Amid rising tribal frustrations and widespread concerns emphasized during protests of the Dakota Access Pipeline, the U.S. Departments of the Interior and Justice, and the U.S. Army Corps of Engineers (USACE) hosted a series of meetings with Indian Tribes in the Fall of 2016 to discuss their input in Federal infrastructure project decisions.
Federal agencies are required to consider the effects of their undertakings on historic properties that are listed or eligible for inclusion in the National Register of Historic Places (NRHP), codified in 36 Code of Federal Regulations (CFR) 800. An undertaking is defined as any project, activity, or program funded in whole or in part under the direct or indirect jurisdiction of a Federal agency, including those carried out by or on behalf of a Federal agency; those carried out with Federal financial assistance; and those requiring a Federal permit, license, or approval (36 CFR 800.16[y]). Energy projects are often regulated by the Federal Government, requiring compliance with Section 106 of the National Historic Preservation Act (NHPA). As part of the Section 106 process, Federal agencies must consult with Indian Tribes and Native Hawaiian Organizations (36 CFR 800.2[c]).
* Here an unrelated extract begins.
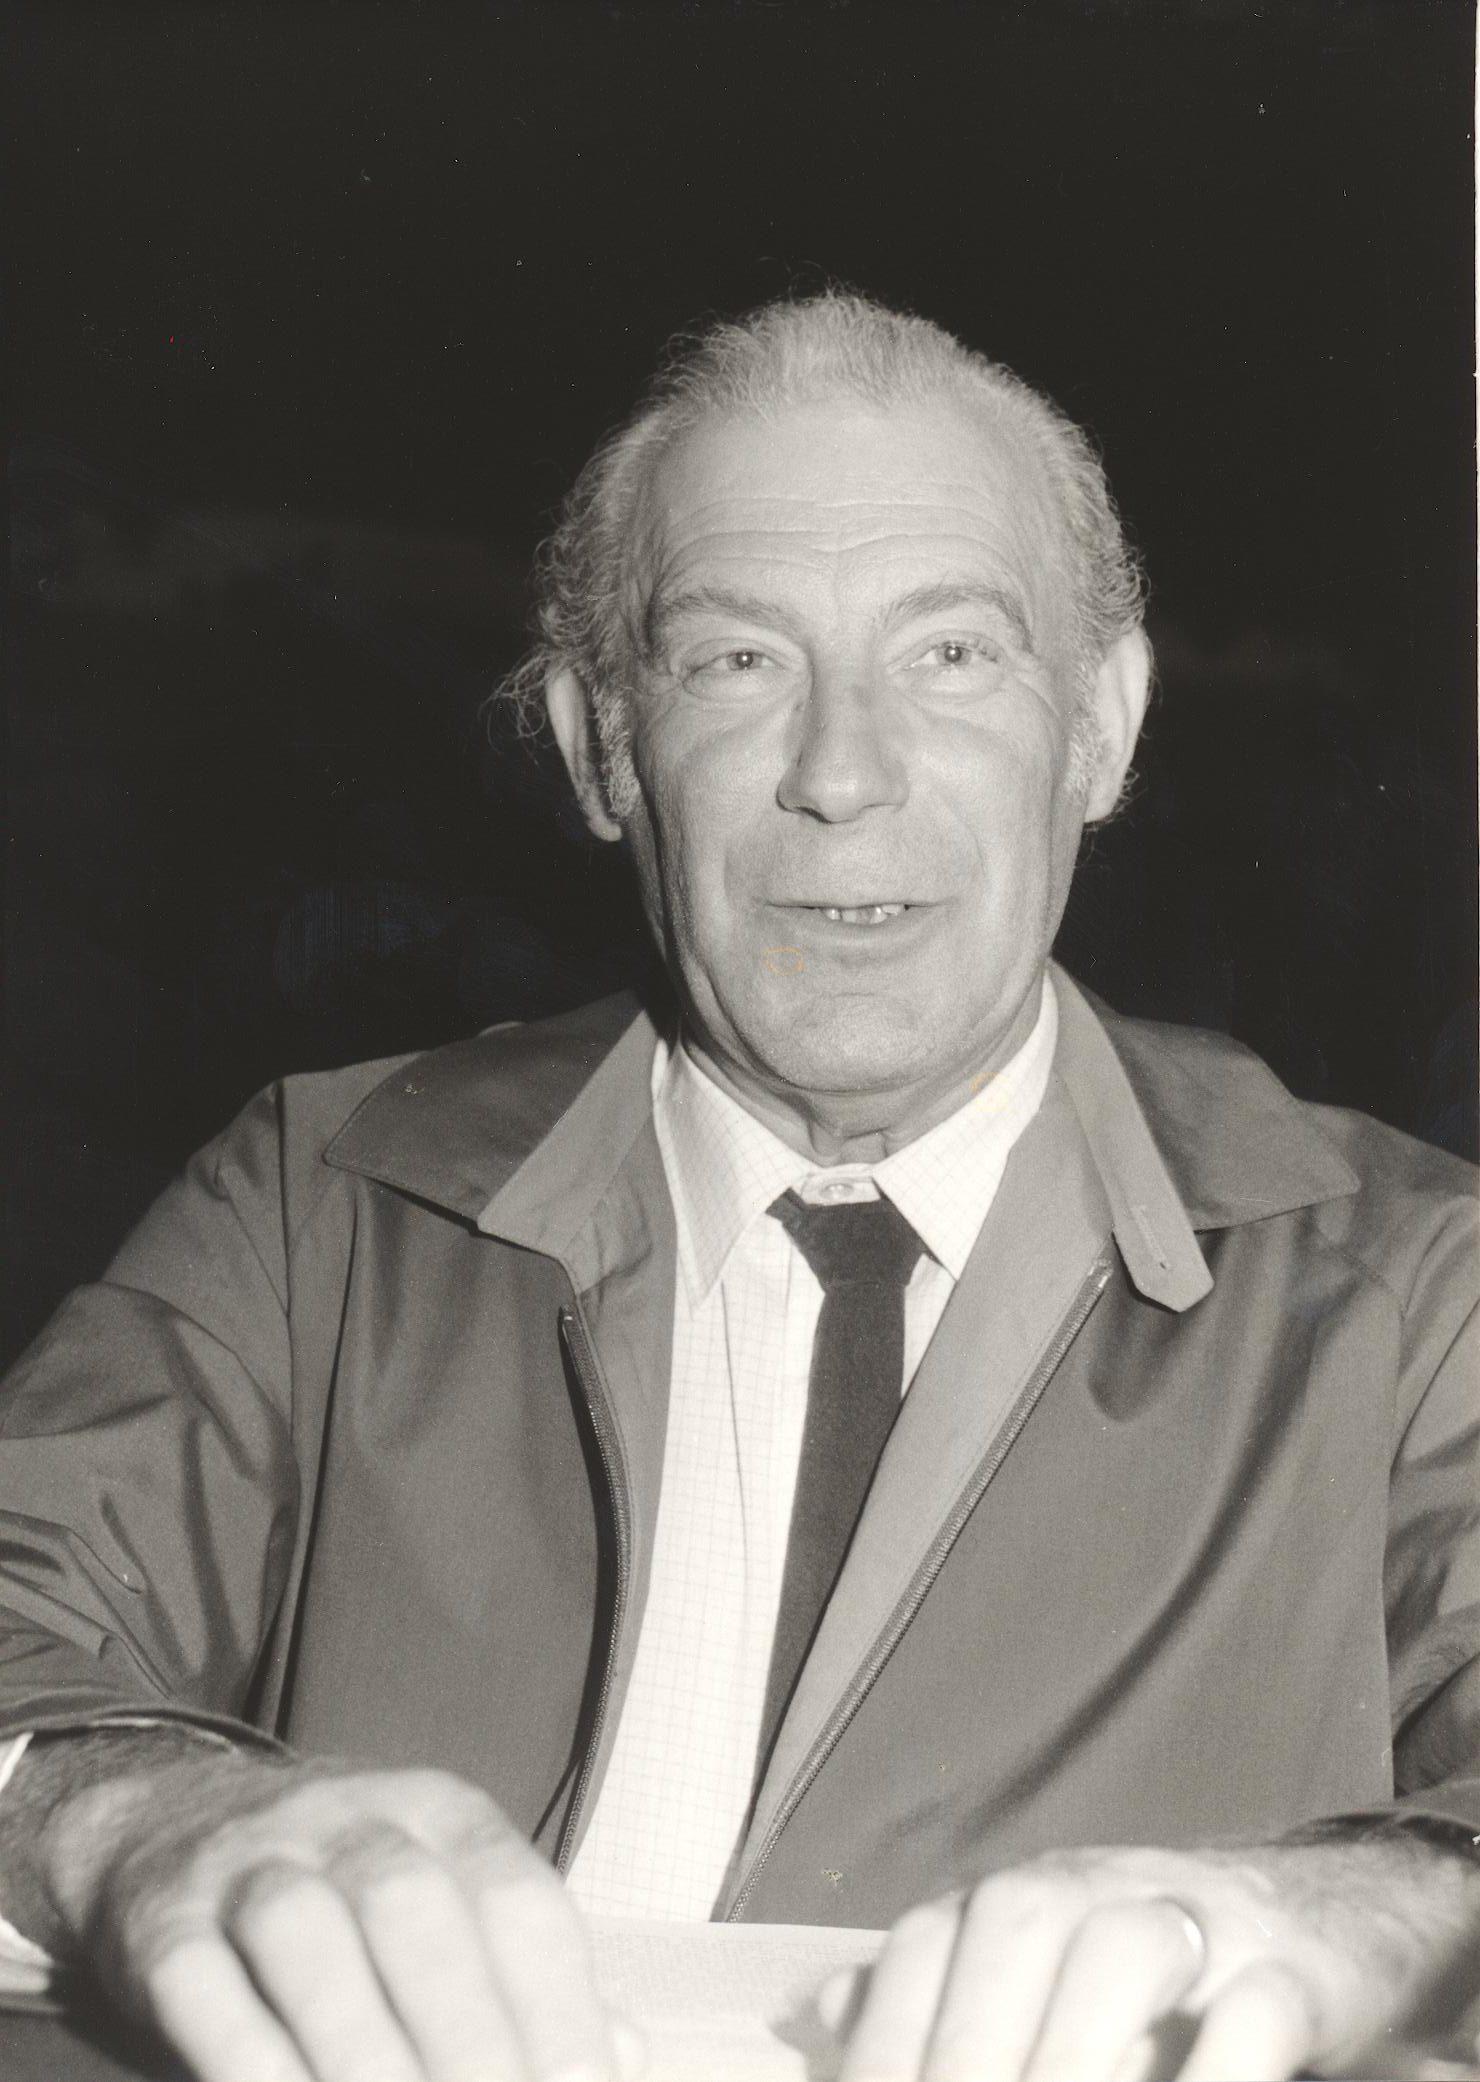 VIII. Internat. Imago Mundi-Kongress 1980, Innsbruck, Prof. Dr. Ernst Senkowski

As a result of these meetings, Federal agencies are reviewing their consultation practices to ensure they reflect the key principles included in the report "Improving Tribal Consultation and Tribal Involvement in Federal Infrastructure Decisions", which encourages effective communications between Federal agencies and Tribes and compliance with Section 106 of the NHPA. Of interest to the oil and gas industry, recent infrastructure projects have highlighted the need for the USACE to improve their participation in Tribal consultations in accordance with the regulations; resulting in increased time and effort from applicants in the USACE permitting process.